Me too! I was allergic to everything on the scratch test except mold and food allergies. Unfortunately, as I said earlier, allergy shots had no effect.


----------



## chowder (Sep 7, 2008)

I have severe allergies and asthma (seems to be a recurring theme here!). Certain breeds of dogs (Boxers, etc,) and certain breeds of cats (seems to be medium hair) will really set me off. However, I was a vet tech for years and own dogs and cats. I found that with my worst allergy producing cat, I couldn't even hold her for the first 3 months without sneezing and choking up, but after that I was fine with her. I built up a tolerance after living with her. The same thing when we got Shadey. I itched terribly after hugging him but after a few months I was fine. I think it's the same principle as the allergy shots.

Now, as far as pollen and mold.....I live on Allegra (which you can no longer get as prescription since it's over the counter :frown: at least thru my insurance). We also have a hepa filter machine in every room of our house and I NEVER open the windows. We live with the air conditioner on in this area.


----------



## magicre (Apr 7, 2010)

nortknee said:


> Argh.
> 
> So, I'm one of those people who just randomly happened to have my allergies flair up this year like you wouldn't believe. The last two weeks have been a miserable experience, complete with trying just about every over-the-counter allergy medication in Walgreens.
> Anyway, I called it quits and went to the doctor.
> ...


aw...you can have a dog and there are plenty of breeds with low pet dander that you can cuddle and play with....i do not recommend a pug 

but there are lots of breeds for you..

plus, as whiteleo said you can get allergy shots.

you can remove your carpeting and lay linoleum or wood....

get leather for furniture....

many people can live with allergies and dogs.......it might not be ideal for seasonal allergies can be a pain, but it's that way for most folks.....we just love our dogs and have to have them, come what may.


----------



## nortknee (May 5, 2011)

Holy crap.

I didn't realize so many people had allergies?!
It IS however, nice to see that plenty of people still can handle living with pets that are technically allergic to them.

I DON'T actually have any pets at the moment, but I spend a good deal of time with my sister's dogs.
Now that I think about it, I never had any reaction before Lucy came into the picture.
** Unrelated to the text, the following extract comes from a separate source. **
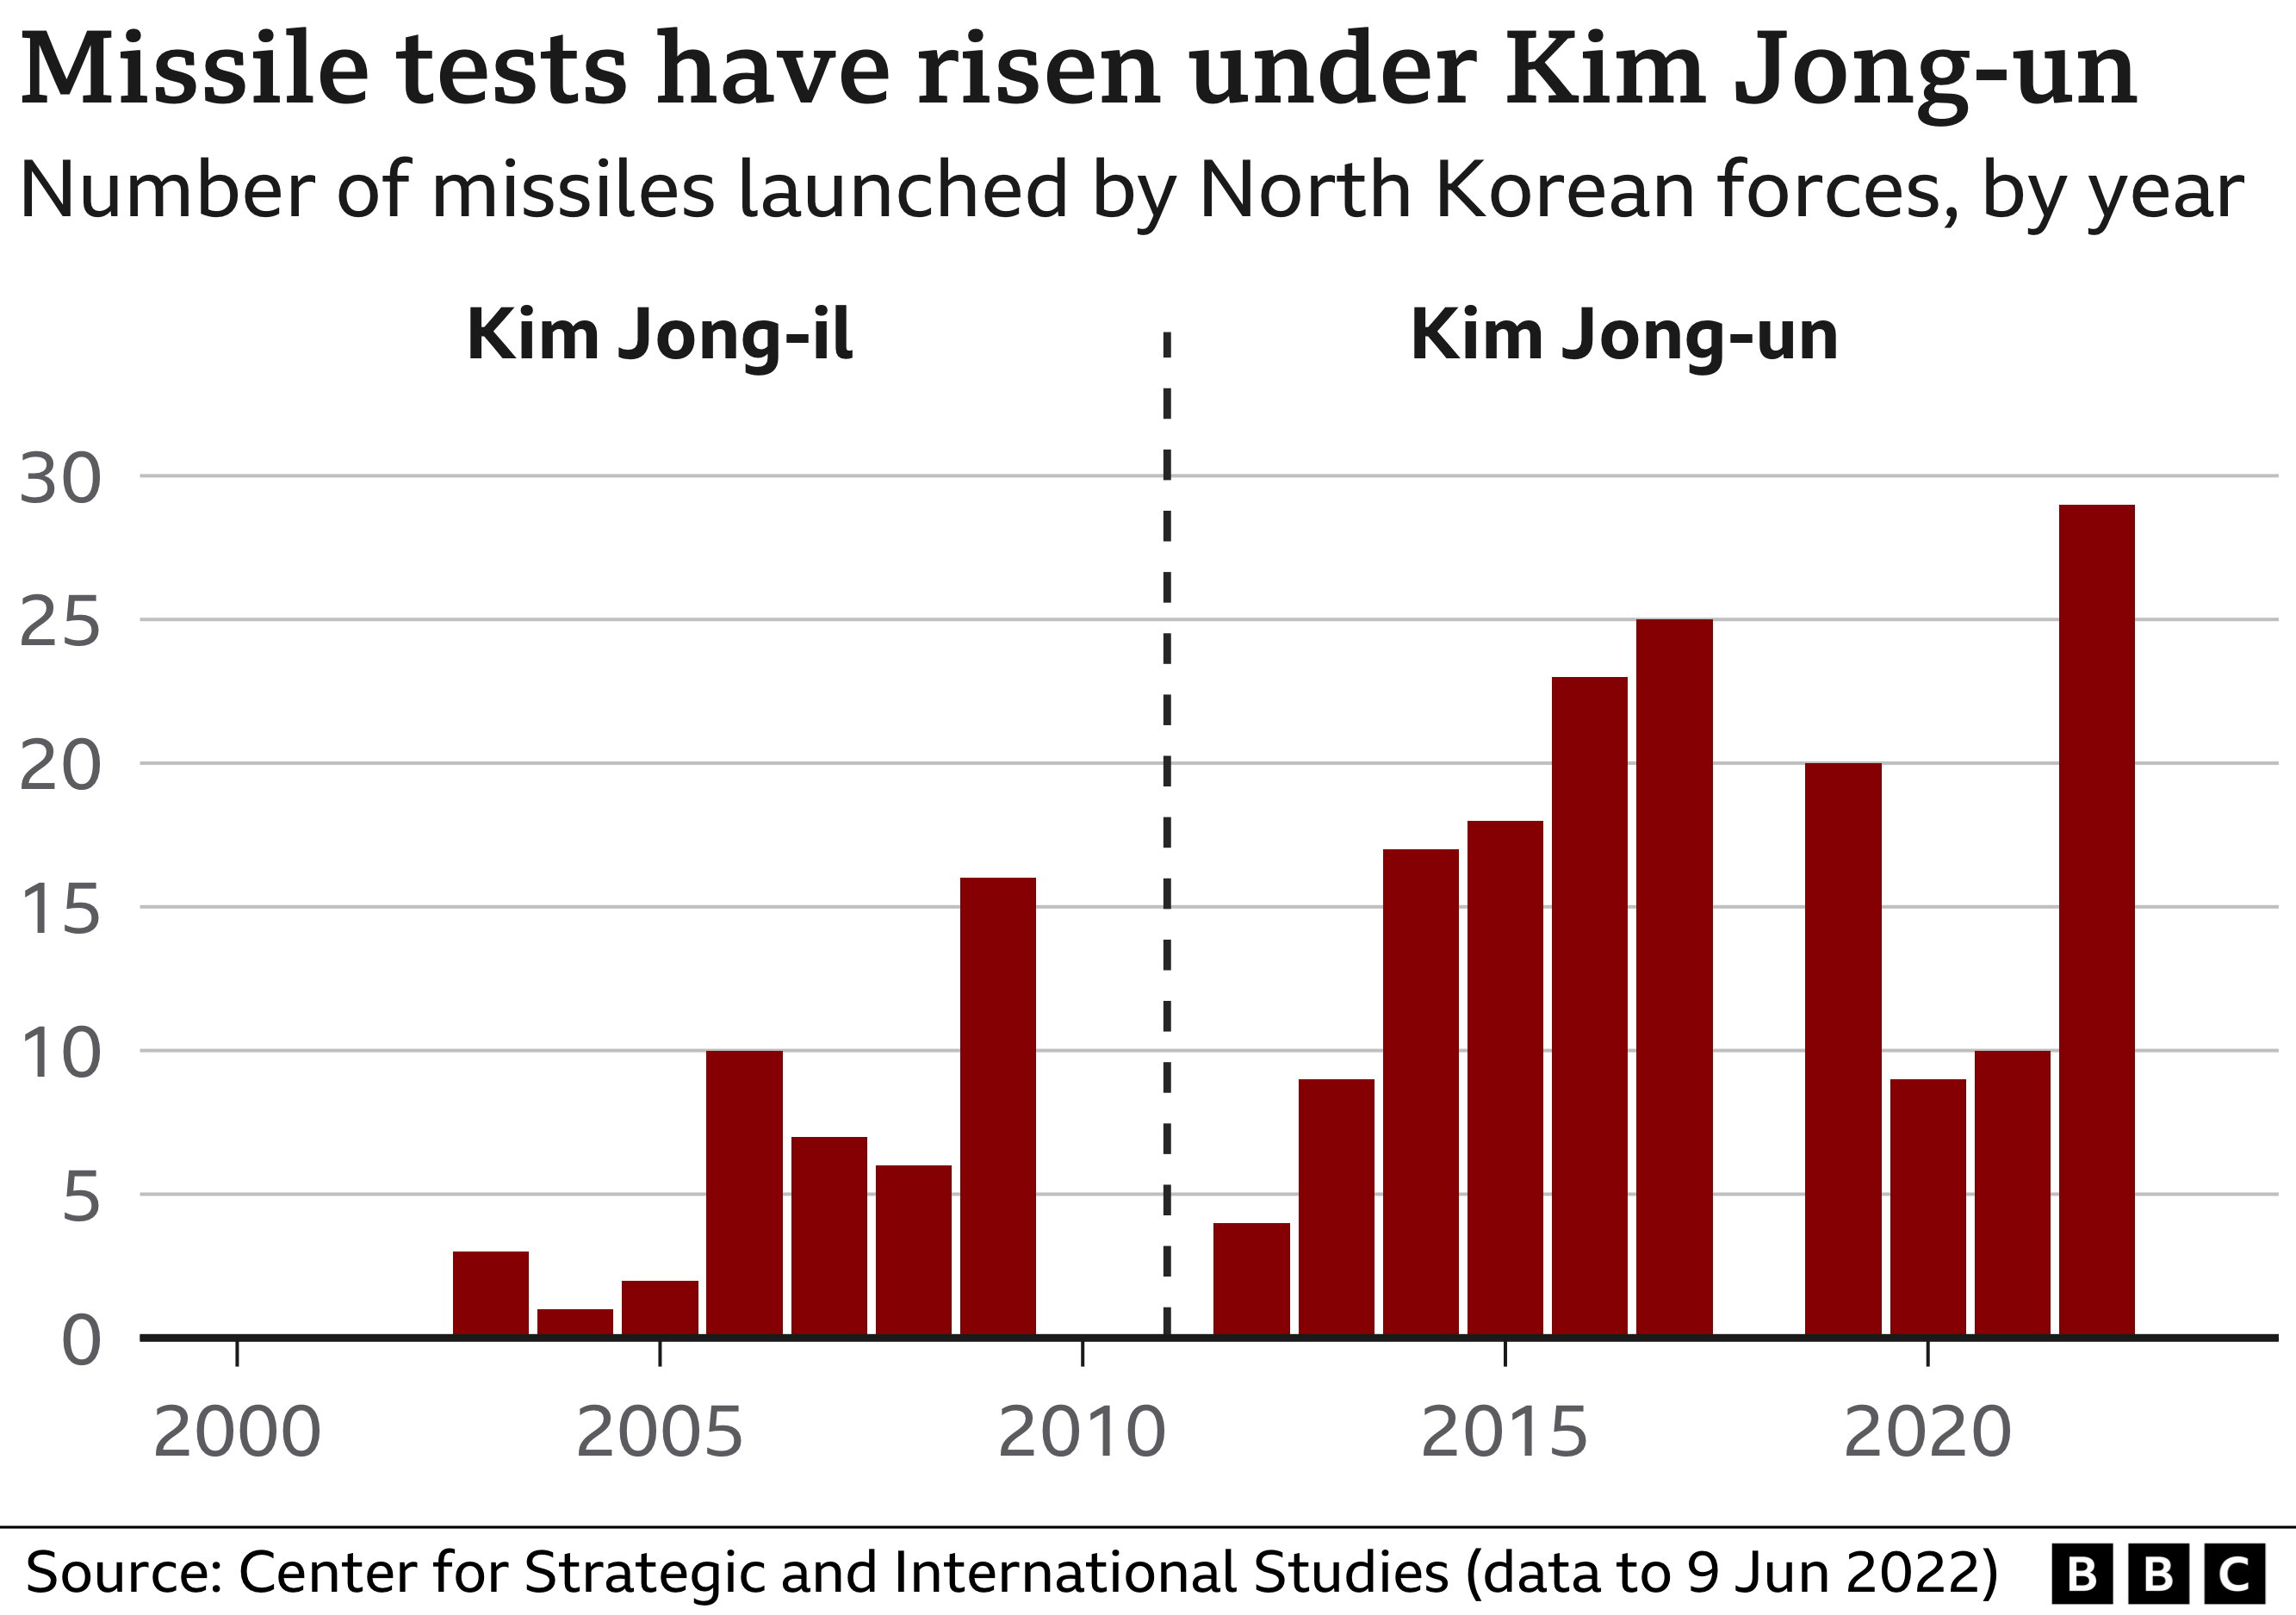 กราฟแสดงจำนวนการทดสอบขีปนาวุธภายใต้การนำของ คิม จอง อึน

Winston (airedale) never gave me any issues allergy wise, but I've seemed to be more and more sneezy/watery eyes/itchy since Lucy has been around.  I just attributed it to the allergy "season", but maybe it is her...she's got awful skin problems at the moment and is flaking skin left and right.

Looks like I'll be doing alot more cleaning than intended.

The shots will be a last resort option. I'm not big into making weekly visits and on-going care like that. Plus, the cost, and finding an allergist in the small town I'll be in will be unlikely. I just filled my prescription for nasal sprays and bought some Allegra. Hopefully this will get me by, at least until the spring is over. >.<


----------



## magicre (Apr 7, 2010)

Dog Allergies|Hypoallergenic Dog Breeds

here's just one website that you may find helpful....type in 'low dander dogs' and see what is recommended.

there are also recommendations for keeping your allergies at a minimum....just keep in mind that there will be three weeks during spring and three weeks during summer where everyone suffers more than usual, because that's just the way it is. : )


----------



## SilverBeat (Jan 16, 2011)

I am allergic to guinea pigs, hay, dust, mold, etc. And at one point had eight cavies living in my house. Now I am down to three and things are much easier. But the best thing that helped my allergies was keeping everything clean, and keeping air flowing.

Keeping your dog well-groomed is important, to keep excess dander at bay. As is vacuuming, dusting, etc like mischiefgrrl said.

On days when it's really bad, I take an allergy pill. I don't like to but if it'll keep me functional [and I need to be], I take it. Usually Claritin.


----------



## Northwoods10 (Nov 22, 2010)

I wonder if they can break it down into specific 'Pets' as to what dander you are allergic to. Cats really bother me, I'm fine if I don't touch the cat or sit down on a chair with a ton of cat hair on it, but as soon as that happens.......just plan on being miserable! 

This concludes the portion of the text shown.